### [PROBLEM]
Only the lines from the one containing "pintor dominicano cuadro" through the end of the material are to be echoed, each exactly as it appears.

### [SUPPLIED RECORDS]
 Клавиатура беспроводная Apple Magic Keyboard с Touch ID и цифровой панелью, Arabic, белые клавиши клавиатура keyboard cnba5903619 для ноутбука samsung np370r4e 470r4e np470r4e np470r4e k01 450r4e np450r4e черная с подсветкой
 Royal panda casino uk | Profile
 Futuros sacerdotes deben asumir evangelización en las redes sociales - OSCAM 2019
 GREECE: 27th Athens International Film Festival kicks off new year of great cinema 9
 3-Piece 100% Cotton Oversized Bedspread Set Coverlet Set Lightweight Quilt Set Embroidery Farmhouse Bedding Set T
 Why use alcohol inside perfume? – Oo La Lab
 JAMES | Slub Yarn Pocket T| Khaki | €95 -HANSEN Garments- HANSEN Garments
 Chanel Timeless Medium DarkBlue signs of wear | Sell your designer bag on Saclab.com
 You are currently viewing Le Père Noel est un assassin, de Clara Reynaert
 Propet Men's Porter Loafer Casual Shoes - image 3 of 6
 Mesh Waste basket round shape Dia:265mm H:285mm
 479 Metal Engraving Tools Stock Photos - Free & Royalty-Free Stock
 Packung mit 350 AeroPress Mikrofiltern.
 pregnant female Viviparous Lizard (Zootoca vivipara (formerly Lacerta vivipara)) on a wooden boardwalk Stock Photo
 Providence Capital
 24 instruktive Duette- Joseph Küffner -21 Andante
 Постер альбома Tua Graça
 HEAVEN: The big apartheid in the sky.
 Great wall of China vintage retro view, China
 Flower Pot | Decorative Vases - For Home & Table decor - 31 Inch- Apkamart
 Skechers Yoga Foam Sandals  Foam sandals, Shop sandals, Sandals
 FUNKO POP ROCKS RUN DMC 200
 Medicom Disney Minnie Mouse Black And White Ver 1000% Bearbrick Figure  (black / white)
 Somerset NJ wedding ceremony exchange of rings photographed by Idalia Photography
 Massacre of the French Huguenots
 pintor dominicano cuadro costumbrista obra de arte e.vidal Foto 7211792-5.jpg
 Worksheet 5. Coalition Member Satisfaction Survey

### [ANSWER BOX]
 pintor dominicano cuadro costumbrista obra de arte e.vidal Foto 7211792-5.jpg
 Worksheet 5. Coalition Member Satisfaction Survey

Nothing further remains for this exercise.